Charlie Walker is an adventurer and writer from the UK. He specialises in long distance, human-powered expeditions to develop a more intimate understanding of some of the world’s most remote communities. Over his career, this focus has taken him to places as varied as the Tibetan plateau, the Mongolian steppe, the Congolese jungle, Arctic tundra, the highlands of New Guinea and numerous deserts in between. He has travelled over 50,000 miles by bicycle, foot, horse, raft, ski and dugout canoe. He is a Fellow of the Royal Geographical Society, a 2021 Scientific Exploration Society Explorer Award winner, and a three-time recipient of the Transglobe Expedition Trust’s ‘Mad but Marvellous’ grant. His work has been featured on the BBC World Service, BBC Radio 4, The Sunday Times, The Daily Telegraph and Geographical magazine. He has also written two books: Through Sand & Snow, and On Roads That Echo. In mid February, with the support of TET, Charlie set out on his 1,000 mile winter ski trek in NE Siberia. The harsh climate was not the only hazard he encountered in northern Russia!
Sacha Dench is a pioneering conservationist, record-breaking adventurer and inspirational speaker. As the UN Ambassador for Migratory Species and founder of Conservation Without Borders, Sacha’s real-world experiences offer a unique insight into sustainable procurement. Named ‘The Human Swan’ for her flight, supported by TET, from the Russian Arctic to the UK by paramotor to help save the migrating Bewick’s swan, the focus of her expeditions has widened. By using the birds eye view of the world Sacha focuses on the big issues of today. After her flight across the arctic, and losing her family home to the Australian bushfires, climate change research and solutions are an integral part of all of her expeditions and research. On her 2021 flight around the UK in an electric powered paramotor as part of the UN Climate Conference COP26, she was badly injured but, in Joanna Lumley’s words, ‘the human swan has arisen as the human phoenix’ and despite still having one leg in a frame, she and her team have set off on their next expedition following the migration of the osprey from Scotland to Ghana.
Julian Bayliss is a Conservation Scientist, an Ecologist, and an Explorer.
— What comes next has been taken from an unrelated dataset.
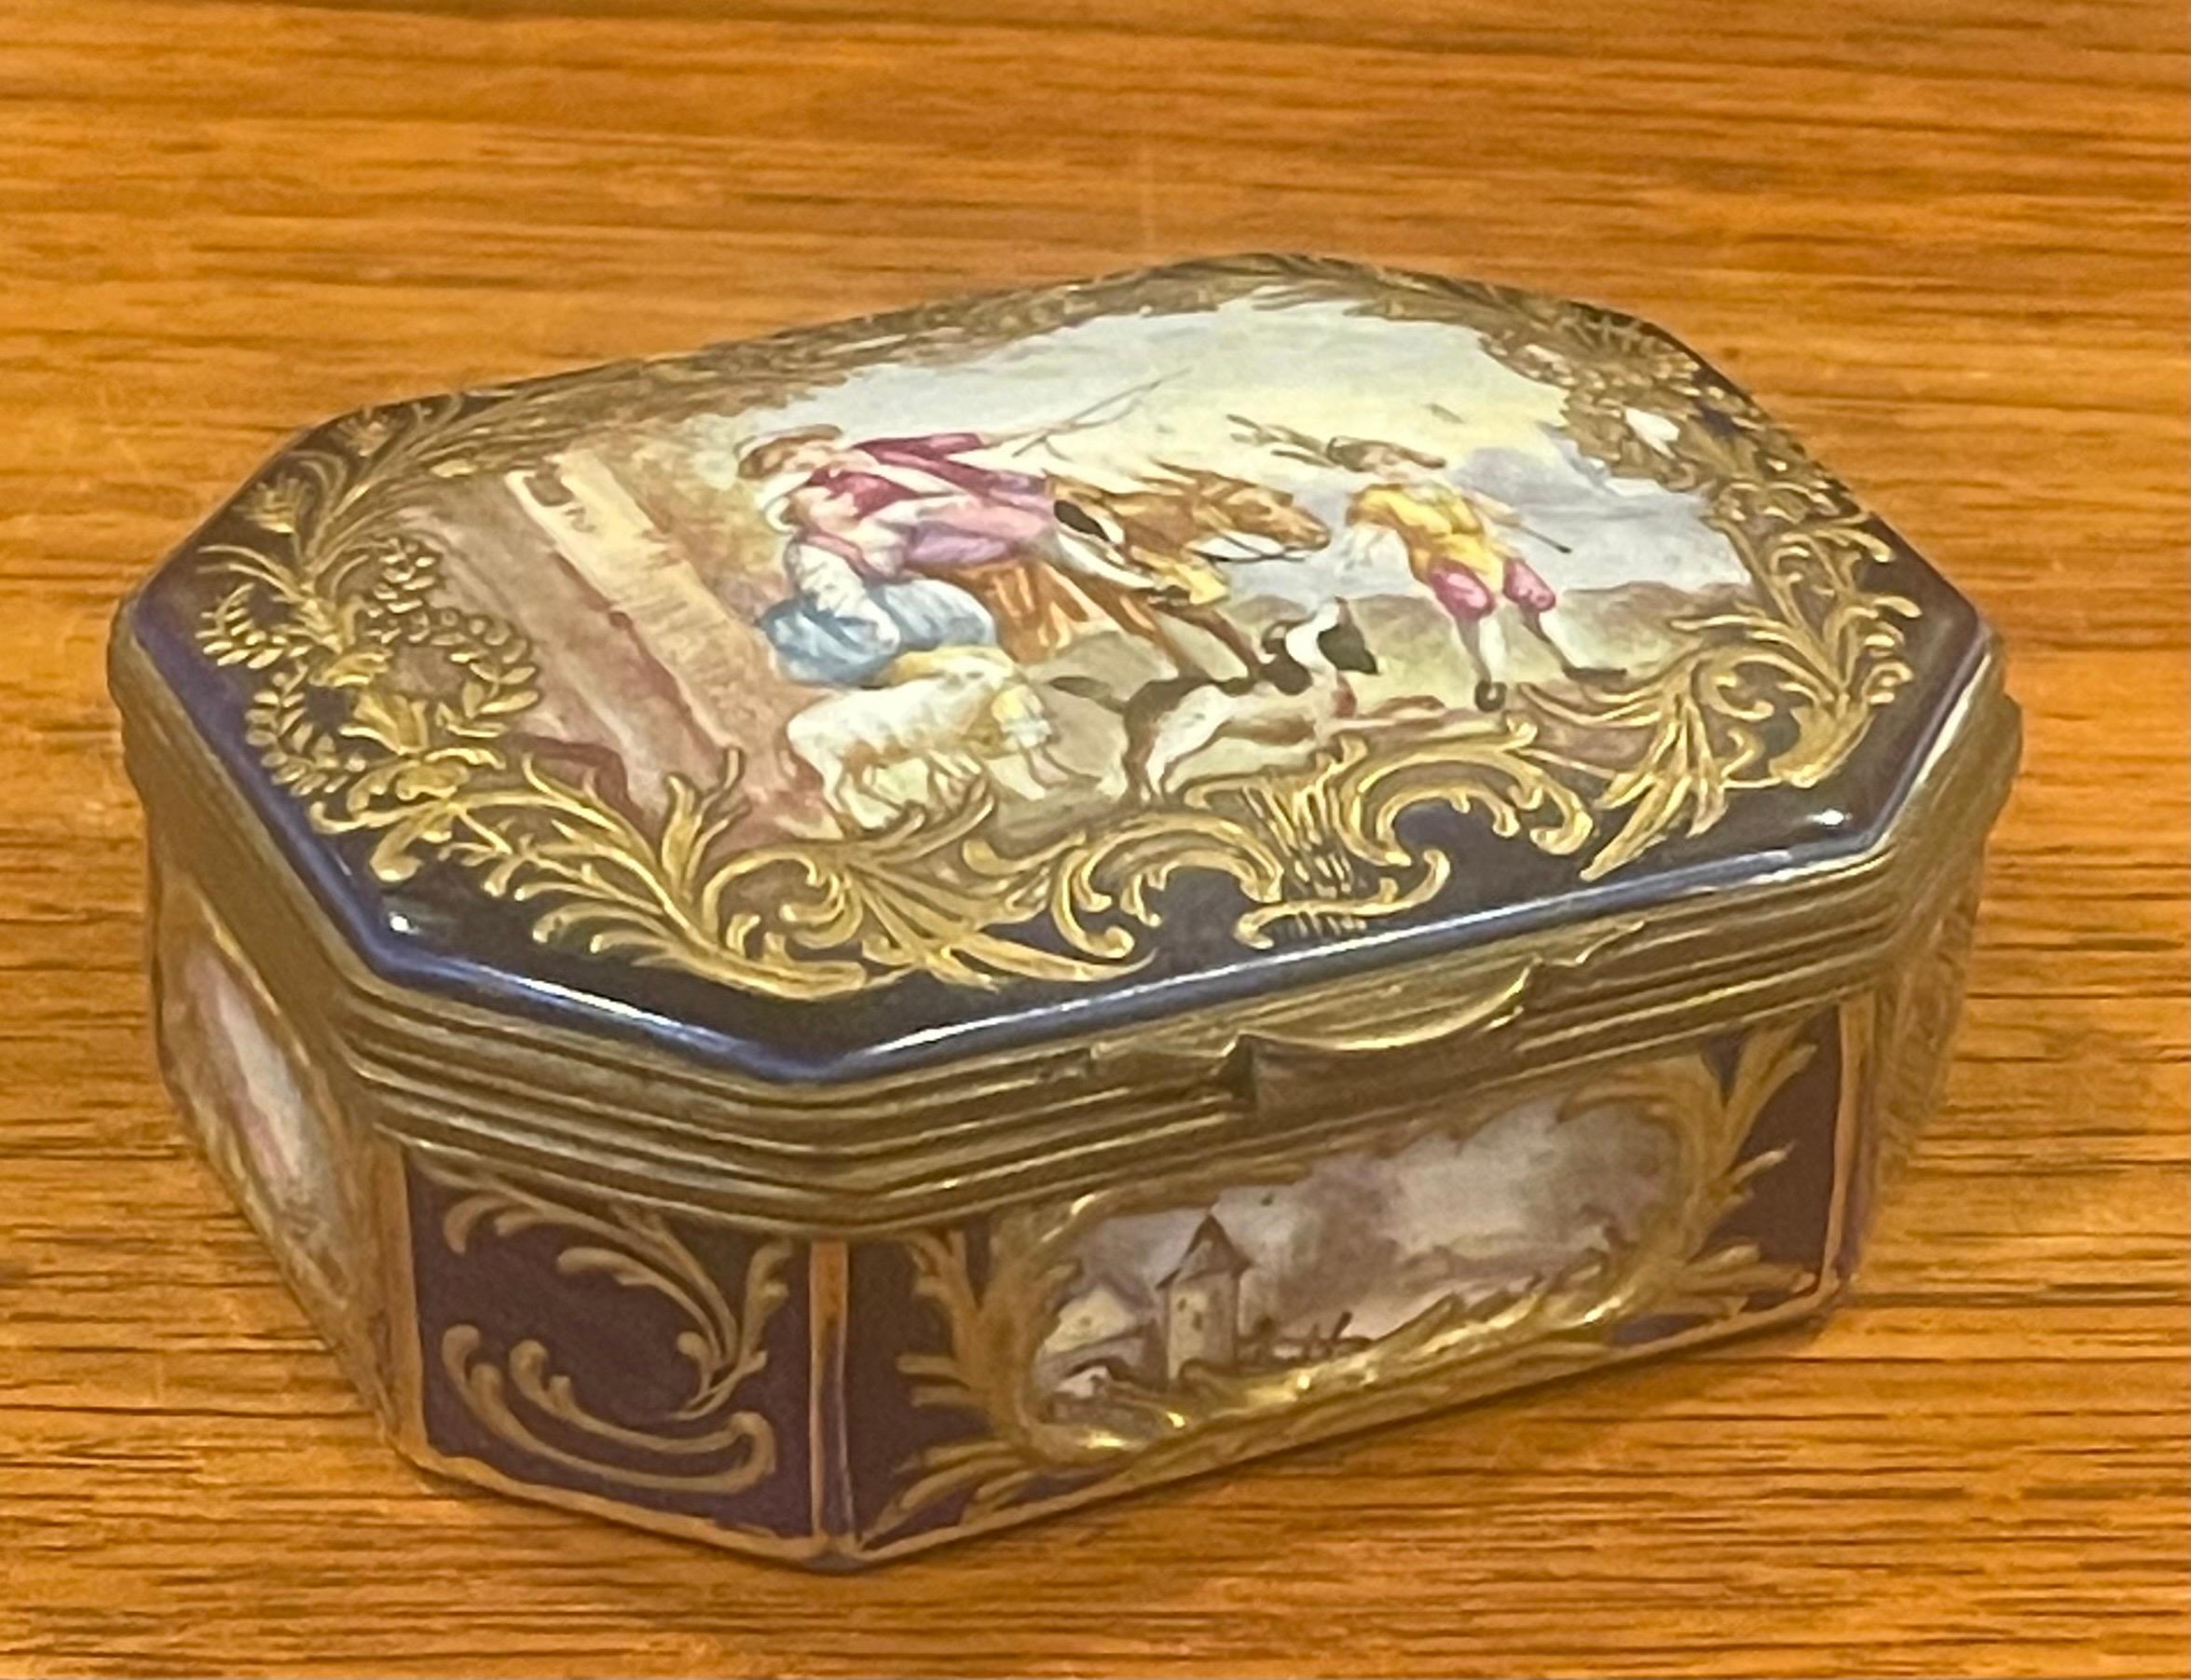 French 18th Century Victorian Enamel and Ormulu Lidded Box by Sevres

For more than 25 years he has worked extensively across Africa. His work on Protected Area management and the creation and conservation of new protected areas ranges from forests to wetlands. He has also organised and led over 50 scientific expeditions in Africa and discovered over 20 new species to science. In May, with the support of TET, Julian set out to an area of tribal lands which have resisted modernisat ion on a reconnaissance of a little-known forested plateau in SW Ethiopia – the forest with no name!
John Shears is a veteran polar geographer and expedition leader. He has over 30 years of experience of working in both Antarctica and the Arctic, first with the British Antarctic Survey, then the Scott Polar Research Institute at the University of Cambridge, and now running his own polar consultancy business Shears Polar Limited. Since 2017, John’s polar expeditions have focussed on the search for the wreck of Sir Ernest Shackleton’s ship Endurance in the Weddell Sea, Antarctica. A quest called “the impossible search for the greatest shipwreck”. He was the leader of the Weddell Sea Expedition 2019, which failed to find the ship and lost an autonomous underwater vehicle during the search. But returned in 2022 as the leader of the international Endurance22 expedition, and succeeded in making polar history with the dramatic discovery of the Endurance at a depth of over 3000m at the bottom of the Weddell Sea on 5 March 2022. John is a Fellow of the Royal Geographical Society and a Chartered Geographer, and has worked closely with the Society on many polar educational projects. He was awarded the Polar Medal by Her Majesty the Queen in 2019 in recognition of his “outstanding achievement and service to the United Kingdom in the field of polar research”.